Анна замерла на мгновение. Вынув у нее из руки трубку, Виктор положил ее на стол и с мрачной деловитостью заметил:
- Всю биографию знает! В январе у нее, видите ли, будет день рождения. Я пока даже не вспомнил об этом, а он уже готовится…
- Я думаю, он знает не только  ее день рождения. Он  познал ее всю. Потому и готовится! – Ника толкнула Виктора в бок пальцем и, довольная своей шуткой, засмеялась.
- Но мы-то хороши! Съели произведение искусства! Шедевр, как теперь выясняется! – по голосу Андрея невозможно было понять, шутит он или говорит всерьез. – Дикари, варвары! Вот так же дикари съели когда-то капитана Куку! Он полез в карман за бусами для них, что-то там у него зацепилось, а они неправильно поняли его и съели…
- Капитан Кук не был произведением искусства. Даже самого современного. – Анна начинала приходить в  себя после неожиданного звонка Бориса  Михайловича. – А наше произведение и создавалось для того, чтобы его съесть. Оно не может ведь выставляться в художественной галерее, как картина. Полюбовался и съел. Это постмодернистское искусство, перформанс…
Слушавший ее с интересом Андрей, удовлетворенно кивнул головой.
- Вот именно – перформанс! Помнишь, Анечка, этого художника, который изображал собаку?
- Конечно, помню. Художник Кулик.
- Так вот, если кто не знает, этот художник раздевался догола, одевал себе на шею ошейник с цепью, становился на четвереньки и лаял, как собака. Это произведение имело большой успех у зрителей!
Ника смотрела на Андрея с недоверием.
- Зачем он обнажался догола?
Андрей снисходительно похлопал ее по плечу.
- Собака не носит одежды! Пес не прячет свои яйца!
- Он выставлялся нагишом, чтобы его произведение привлекало внимание! – не согласилась Ника. – Голый мужчина всегда привлекает внимание женщин. Особенно, если это богатый мужчина. Правда, Аня?
- Смотря,  какой мужчина – уклончиво ответила Анна. -  Я сама не видела человека-собаку. Но знаю, что теперь это произведение не выставляется.
- Посетители оторвали у шедевра какие-то  важные детали? – ехидно поинтересовался Виктор. – Вот на Арбате  у бронзовой девушки какие-то вандалы отпилили руку. А у человека-собаки могли отхватить его этот самый…

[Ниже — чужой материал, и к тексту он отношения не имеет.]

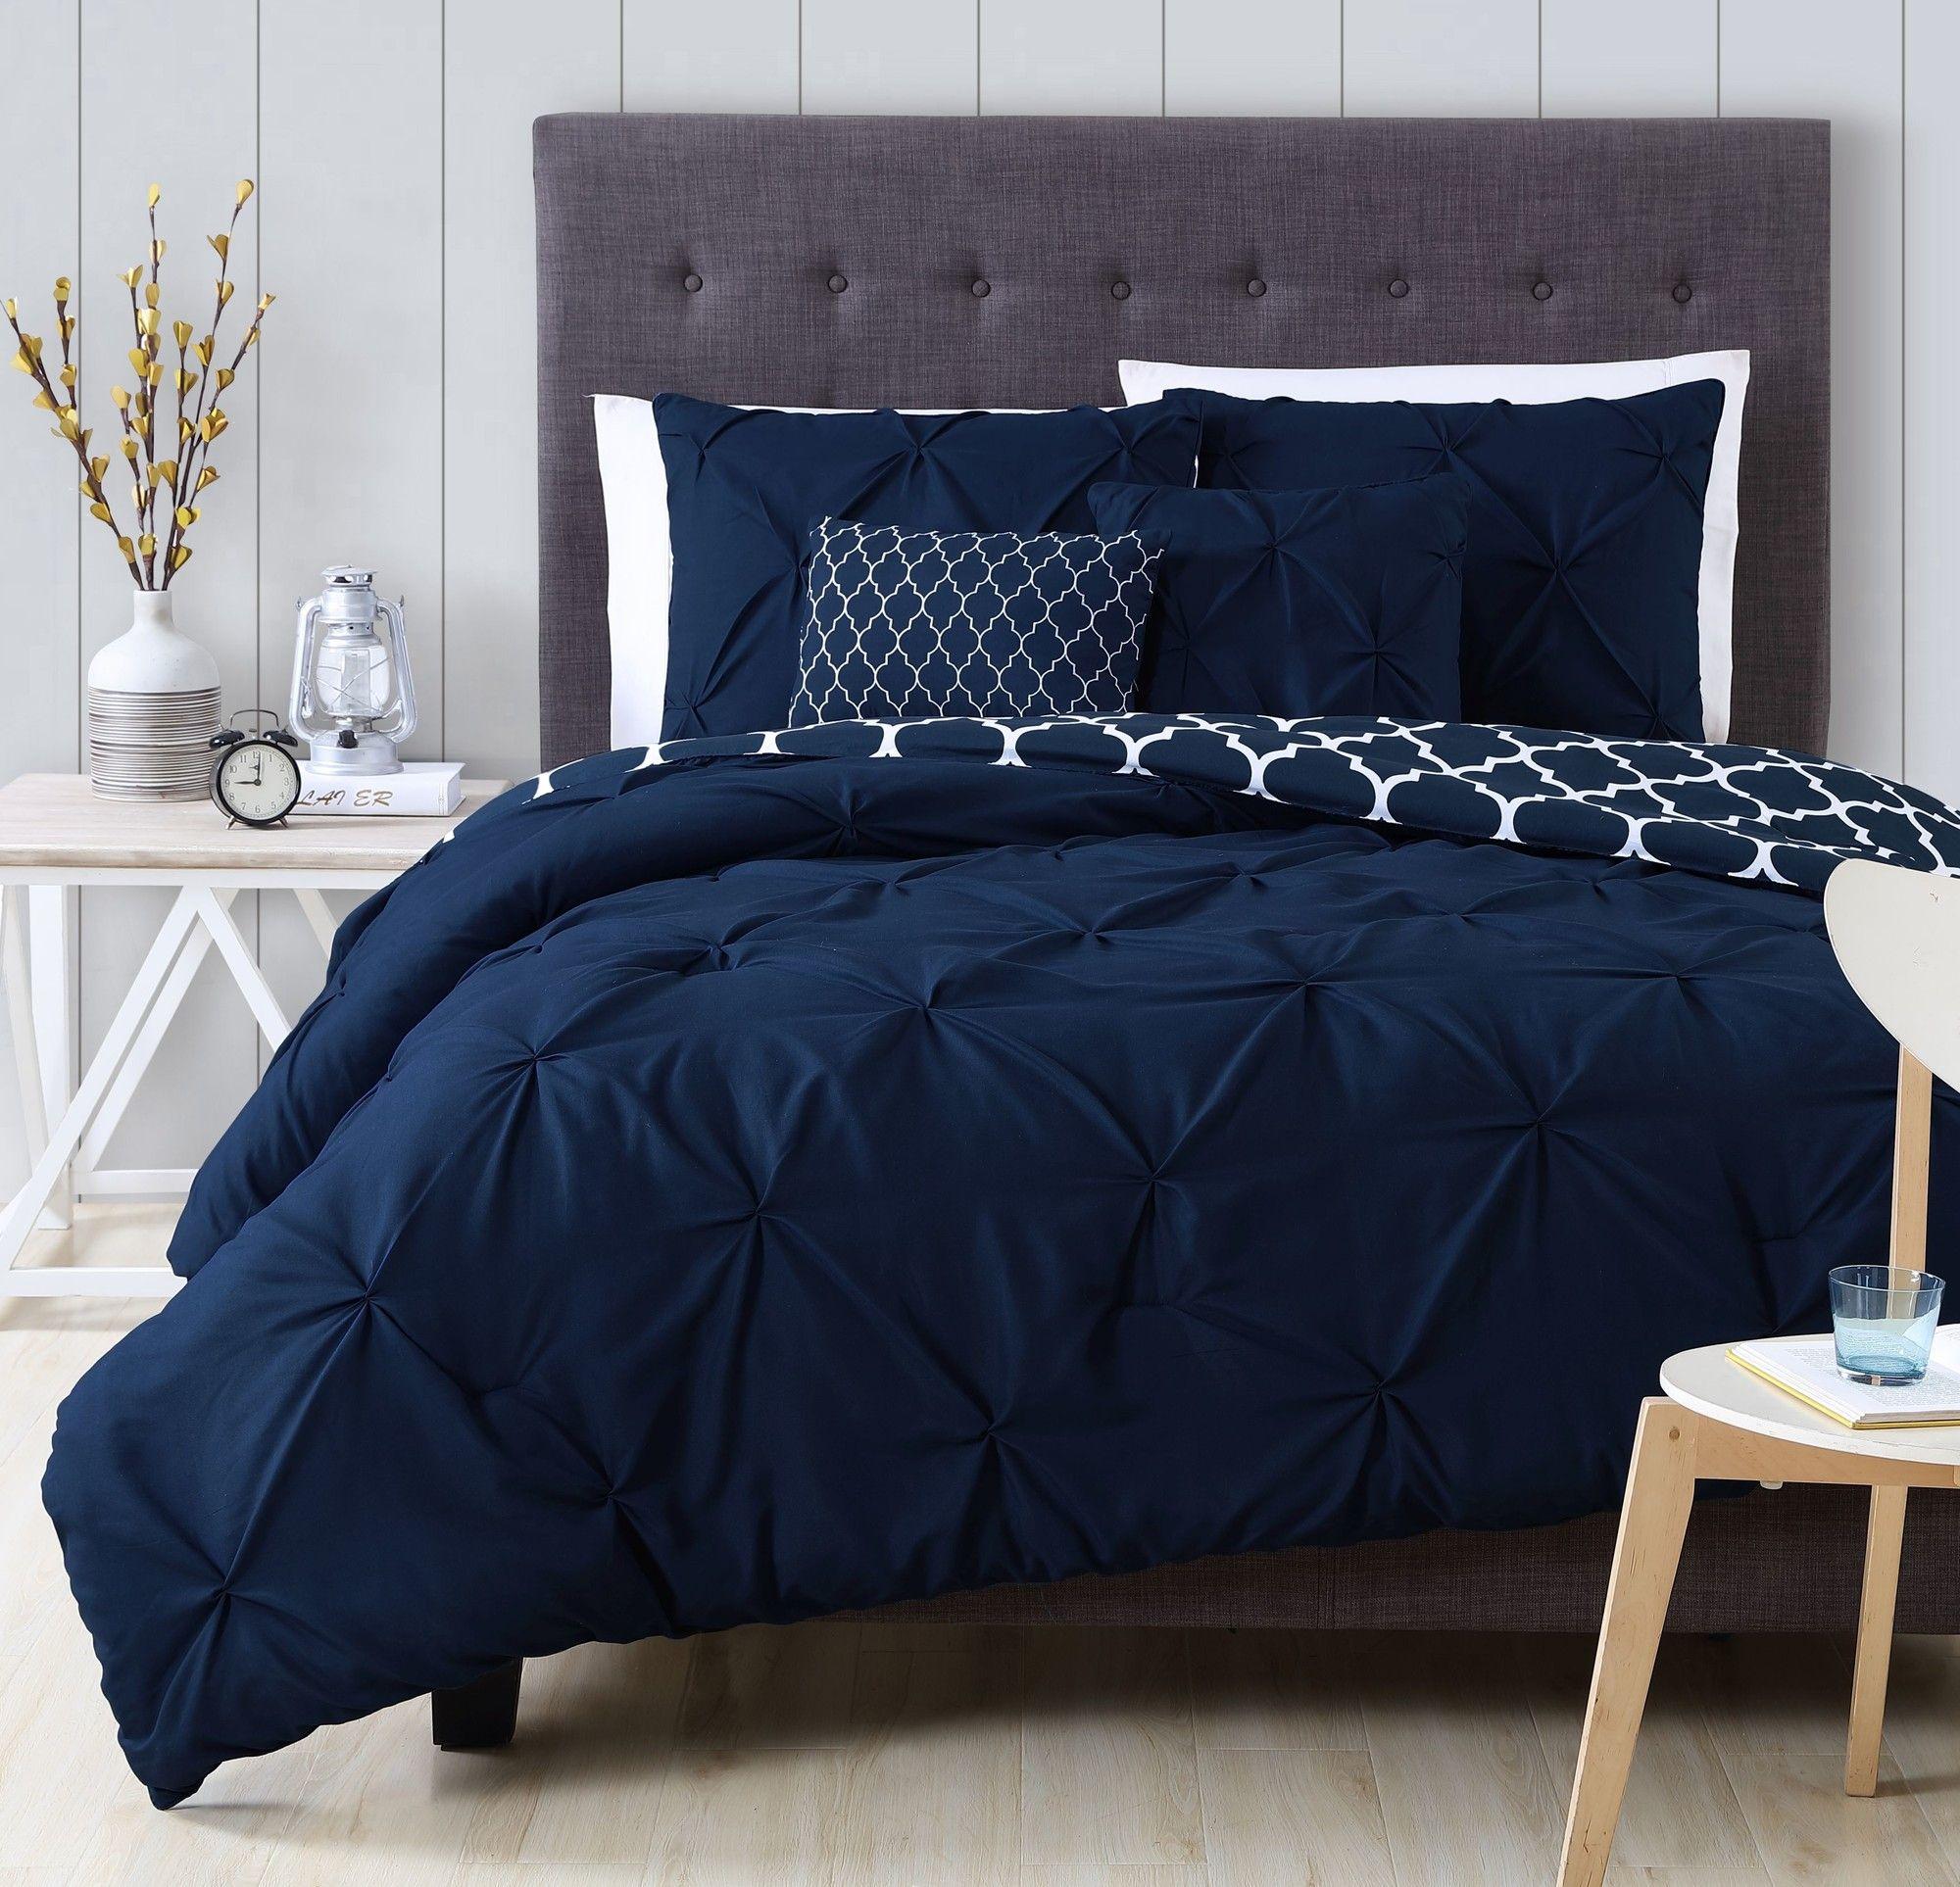 Best Geneva Home Madrid 5 Piece Comforter Set Allmodern 400 x 300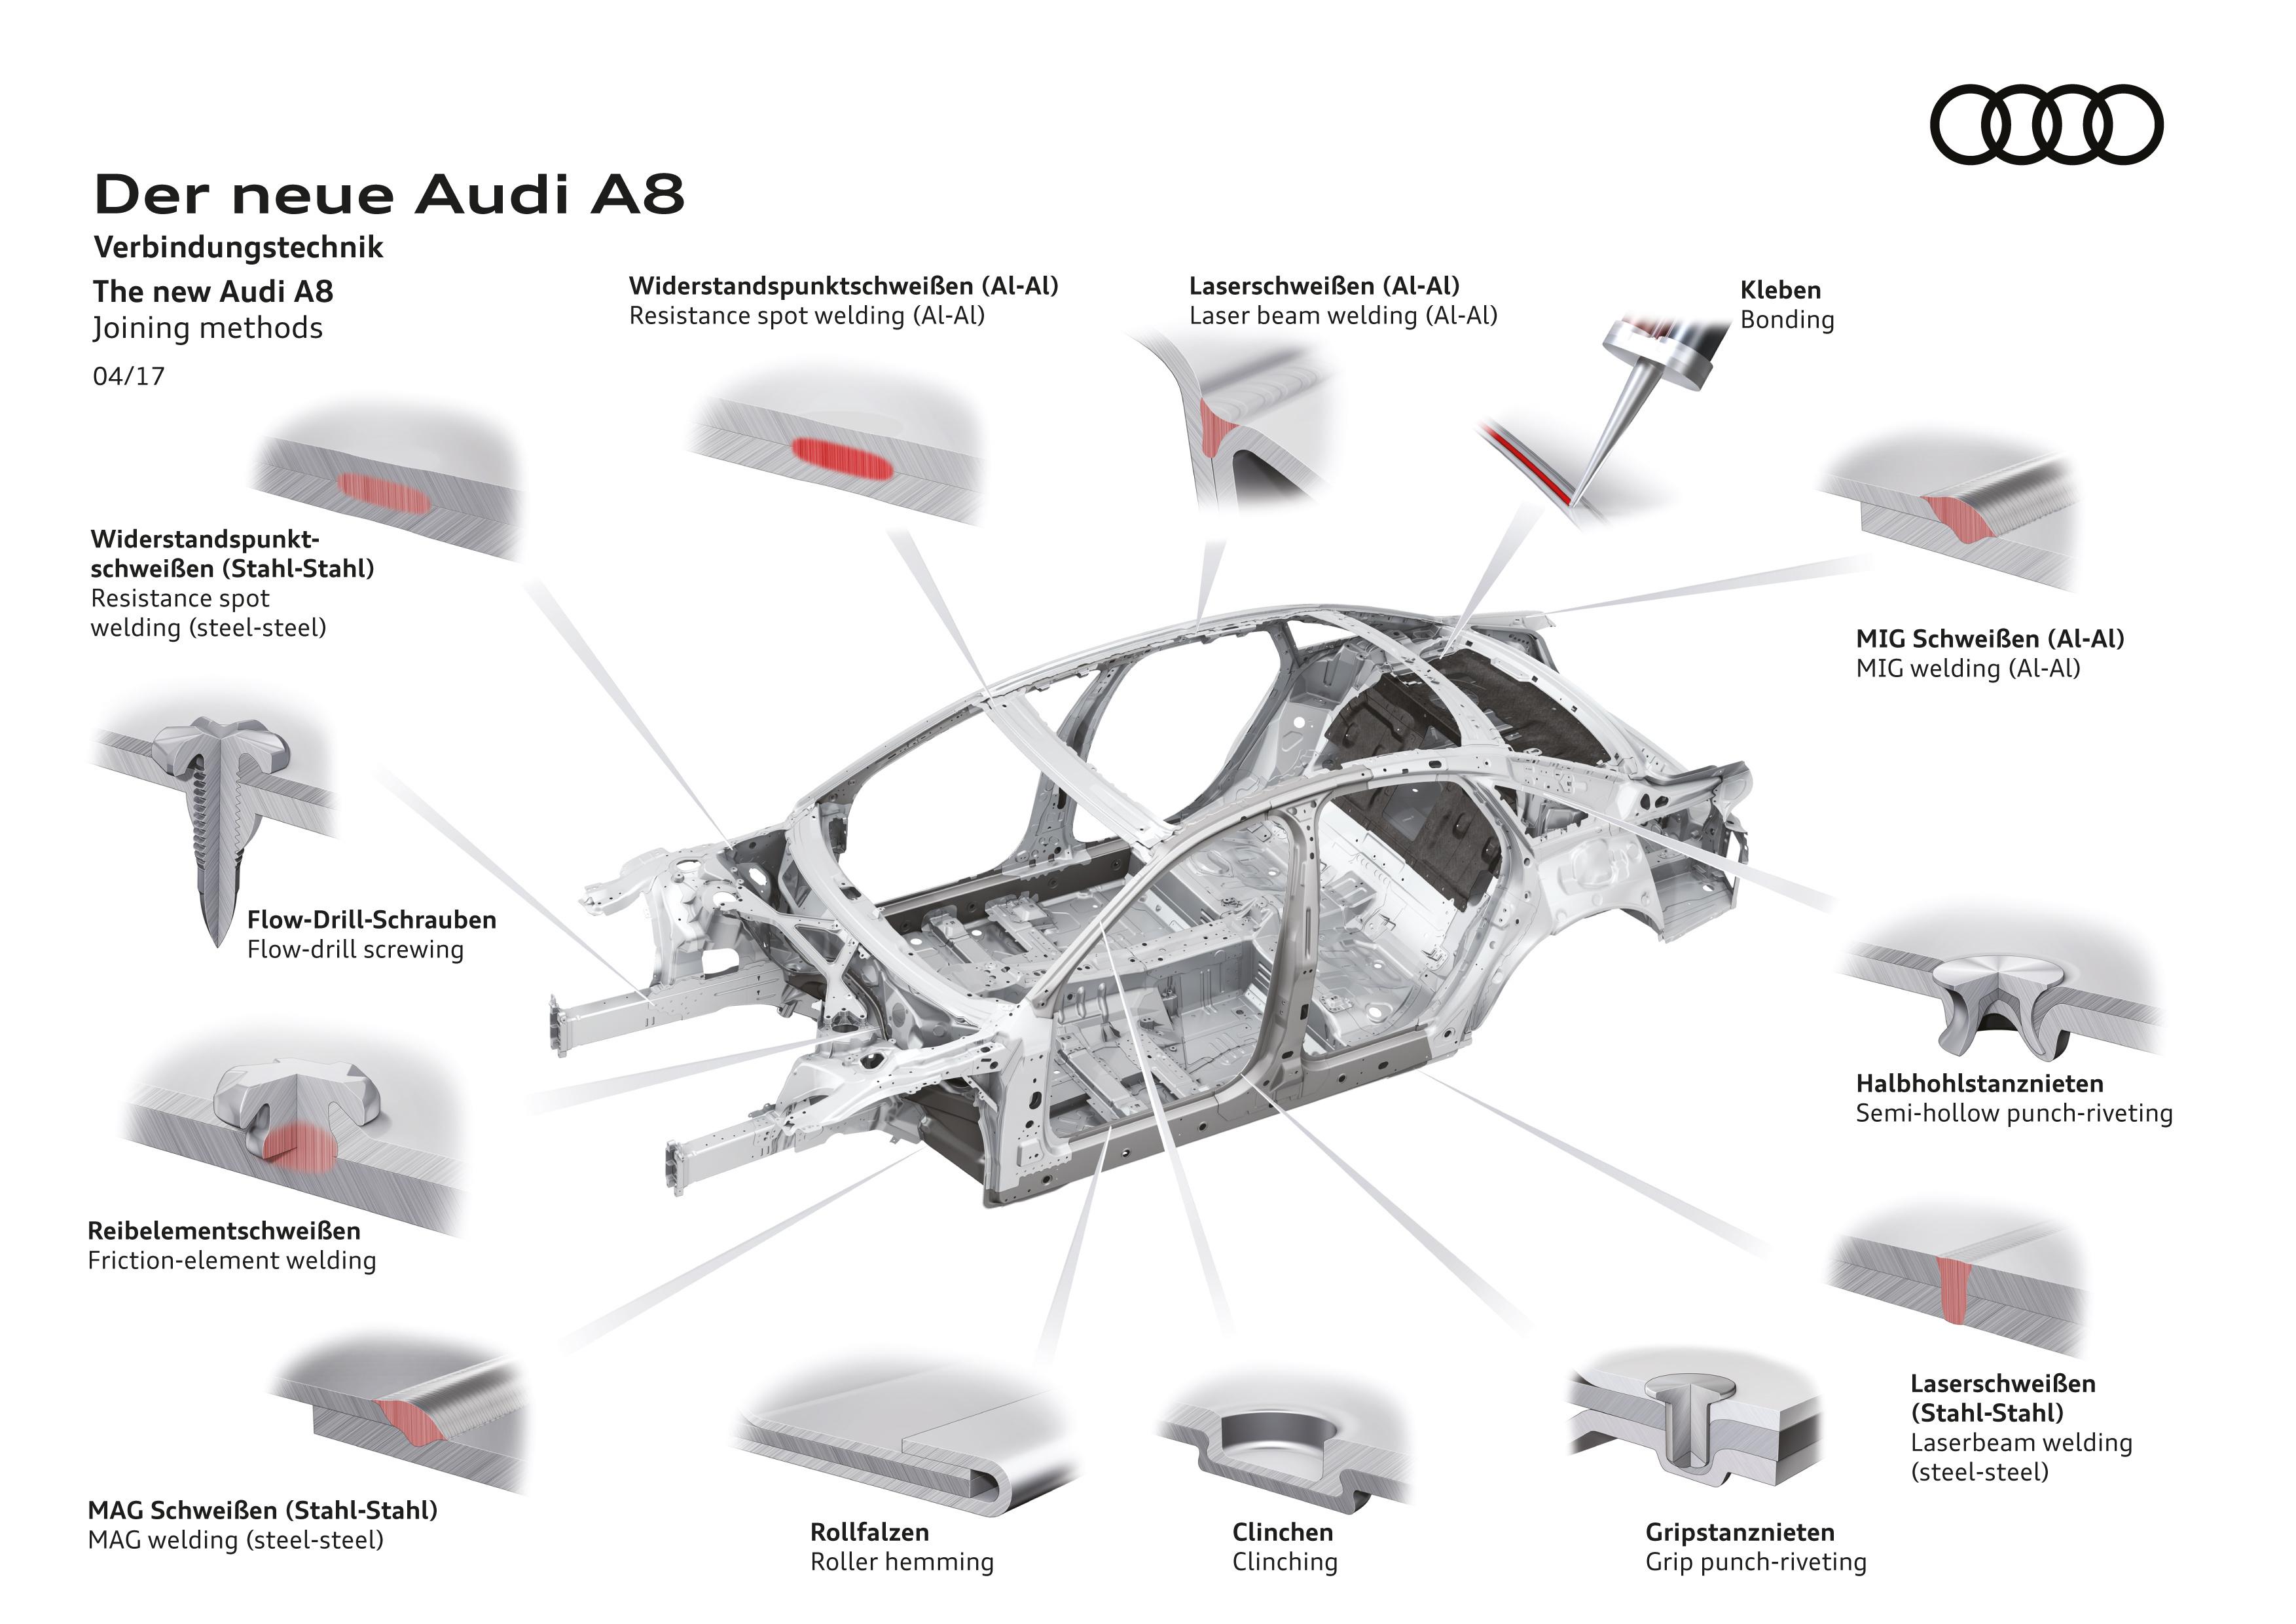 Upcoming Audi A8 Uses Uhss Aluminum Carbon Fiber

- Ничего не оторвали! – рассердилась Аня. – Просто это произведение повезли на выставку в Стокгольме. Там собака сидела, прикованная в углу, лаяла и напрыгивала на зрителей. Но увлеклась. И укусила одну зрительницу…
- Красивую, наверное? – улыбнулся Андрей. – Красивую  скандинавочку и я бы, пожалуй, укусил…
Ника поджала губы, а затем выпалила:
- Ты одну россияночку уже укусил! Да так укусил, что она не знает, что теперь делать! Хватит распускать зубы… и все остальное!
- С тех пор это произведение больше не выставляется, - закончила Аня. – Опасный  перформанс.
Ника неопределенно повела рукою в воздухе и мечтательно сказала, моментально забыв о своих горестях:
- Я тоже хотела бы быть произведением высокого искусства. Сидела бы  совершенно голая в уголке галереи на цепи и хватала бы проходящих кобелей за…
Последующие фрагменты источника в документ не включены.